Возвращаться не собирается, увязывается вслед. Молчим до пуррятника — круглого, глинобитного строения, от которого издалека несёт запахом сырости и перепревших фруктов.

У двери Ким наконец набирается смелости.

— На самом деле — он не такой уж и…

— Я с этим придурком работала два года, пока он возглавлял тут всё. Я в курсе, что Синеглазка не настолько отпетая мразь, какой прикидывается.

Нужно взять у нойя зелье. А то начались ночные заморозки — и опять приходят зимние сны. В них небо расцветает синими и зелёными огнями, а руки и ноги цепенеют от холода. И задыхающийся голос всё повторяет: не спи, Мел, не засыпай…

От воспоминаний ноют зубы, горчит во рту. Сплёвываю на крыльцо, толкаю внешнюю дверь, потом — внутреннюю. Окунаюсь в жаркое тёмное нутро пуррятника.

Ползучие лианы по стенам. Мерное водное кап-кап-кап. Приветственное нежное воркование пурр: лапочки перекатываются по полу, взбираются по стенам, как комки меха. Самцы слабо светятся фиолетовым — этакие пушистые звёзды.

— Знаю, — говорю Шибздрику. — Только вот Мелкая мне вроде сестры, что ли. Если бы твою сестренку отдали на обучение такому вот…

Ким вздыхает.

— Наверное, это зависело от того, что она могла бы получить.

Мантикоры б его жрали, это его спокойствие, когда хочется орать.
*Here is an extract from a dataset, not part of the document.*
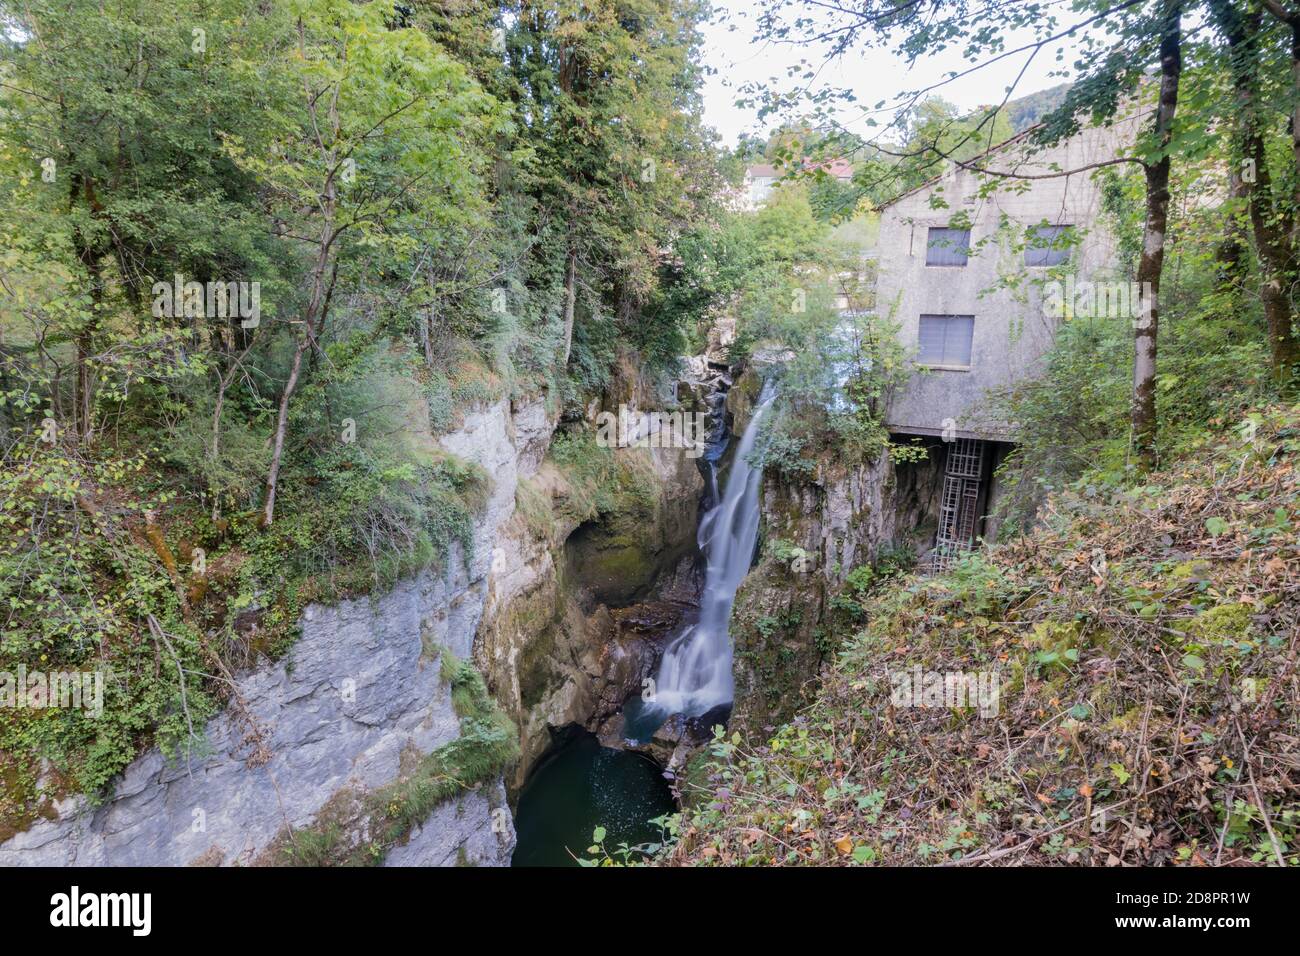 Gorges & waterfalls of Langouette in Planches en Montagnes, Jura in France Stock Photo

— Ага, Синеглазка Мелкую до черта всему хорошему научит.

Пытаюсь погладить тех молодцев, которые уже влезли по стене и попискивают — ждут, когда им скажут, какие они распрекрасные, подержат в руках, начнут перебирать шерсть…

Пуррам любовь и ласка для жизни просто необходимы — без них они чахнут.
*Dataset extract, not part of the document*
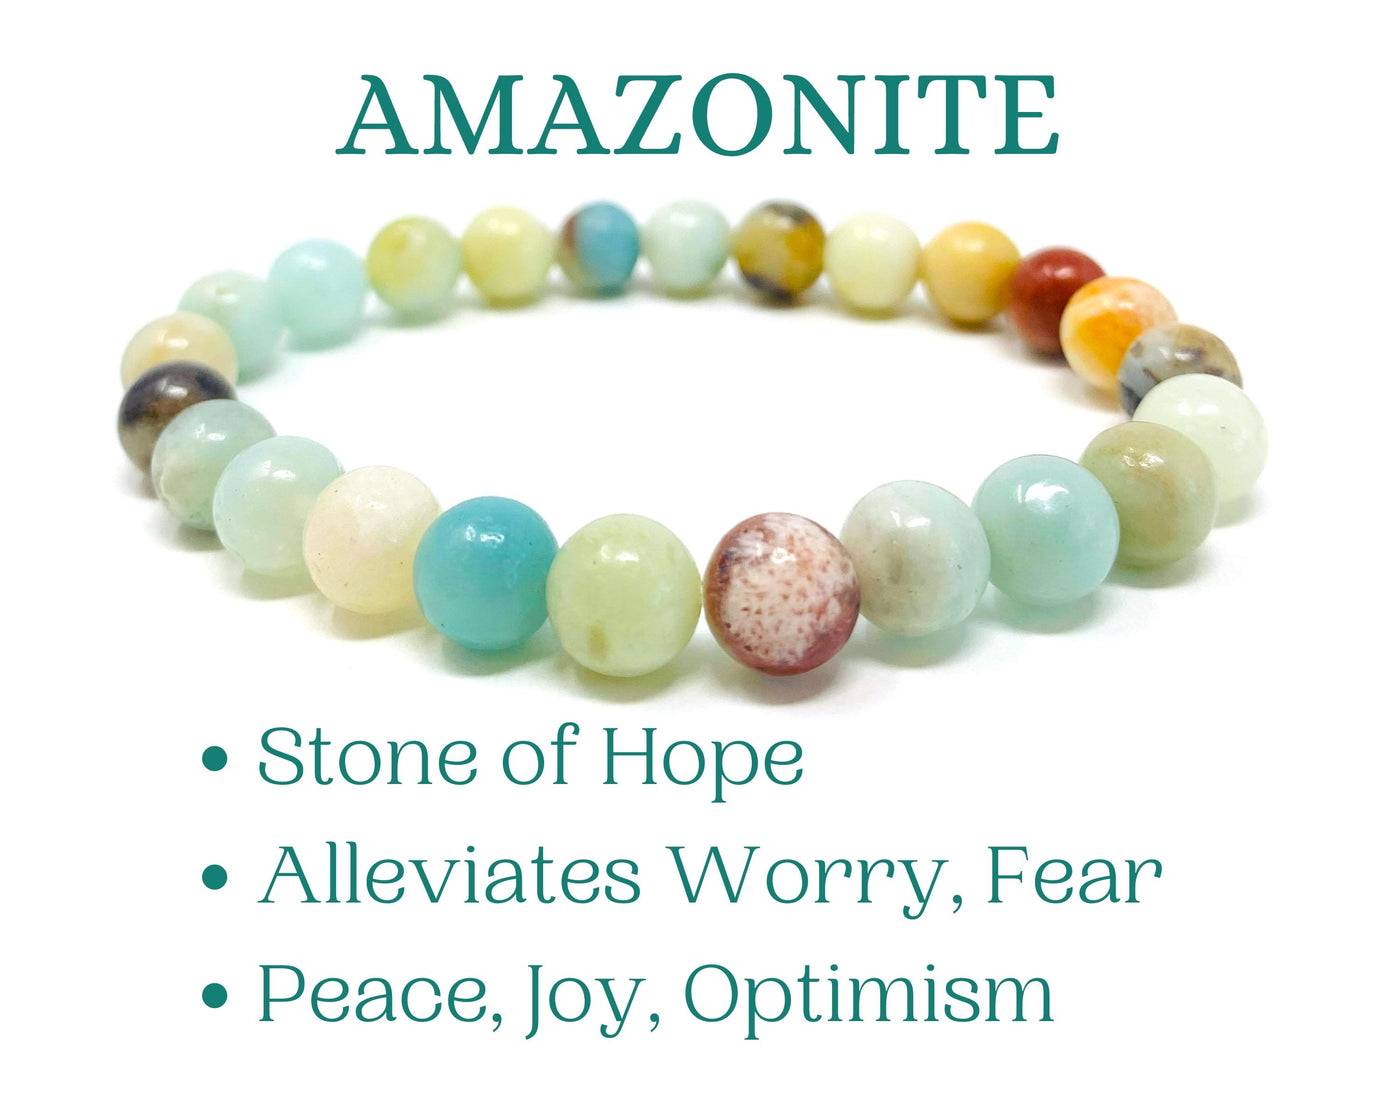 Amazonite Crystal Bracelet Healing Benefits, Meanings, Metaphysical Properties | Crystal for Hope, Worry, Fear, Peace, Joy, Optimism

Только вот, видно, я не успокоилась как следует, пальцы вот будто иголками колет, и первая же пурра сжимается в ладони и начинает подрагивать с недовольным всписком.

Ким мягко забирает у меня пурру — та издает благодарное «Уиррр». Шибздрик запускает пальцы в черный с фиолетовым мех и говорит тихо:

— Иногда научить могут те, кто кажется для этого неприспособленным.

Он умеет рассказывать не очень-то хорошо — рисует уж точно куда получше. Потому сначала дело у него не ладится, а рассказ о его наставнике комкается и горбится — будто малюется на смятом листке тупым карандашом. Потом листок выпрямляется, карандаш заостряется — и я вижу брюзгливого мужчинку в халате, лысоватого и неопрятного, брызжущего слюной только при упоминании Академии. Он курит какую-то скверную дрянь, и придирается, и тычет пожелтевшим пальцем в чертежи, и он язвительная и насмешливая зараза — я это сразу как-то понимаю. Еще понимаю, что он делал жуткие вещи, этот тип, имя которого Ким так и не называет (халат на якобы-рисунке украшен застарелыми пятнами масла, жира и крови). И еще он ненавидит магов и может до посинения толкать речи о том, что магия — атавизм, препятствующий цивилизации. И всех этих бесконечных острых, колющих деталей в этом неспешном рассказе — их слишком много, и из этого рассказа-рисунка на меня глядит совершенно отвратный тип, вот только чтобы раскрасить его, Шибздрик достает из своего голоса светлые краски.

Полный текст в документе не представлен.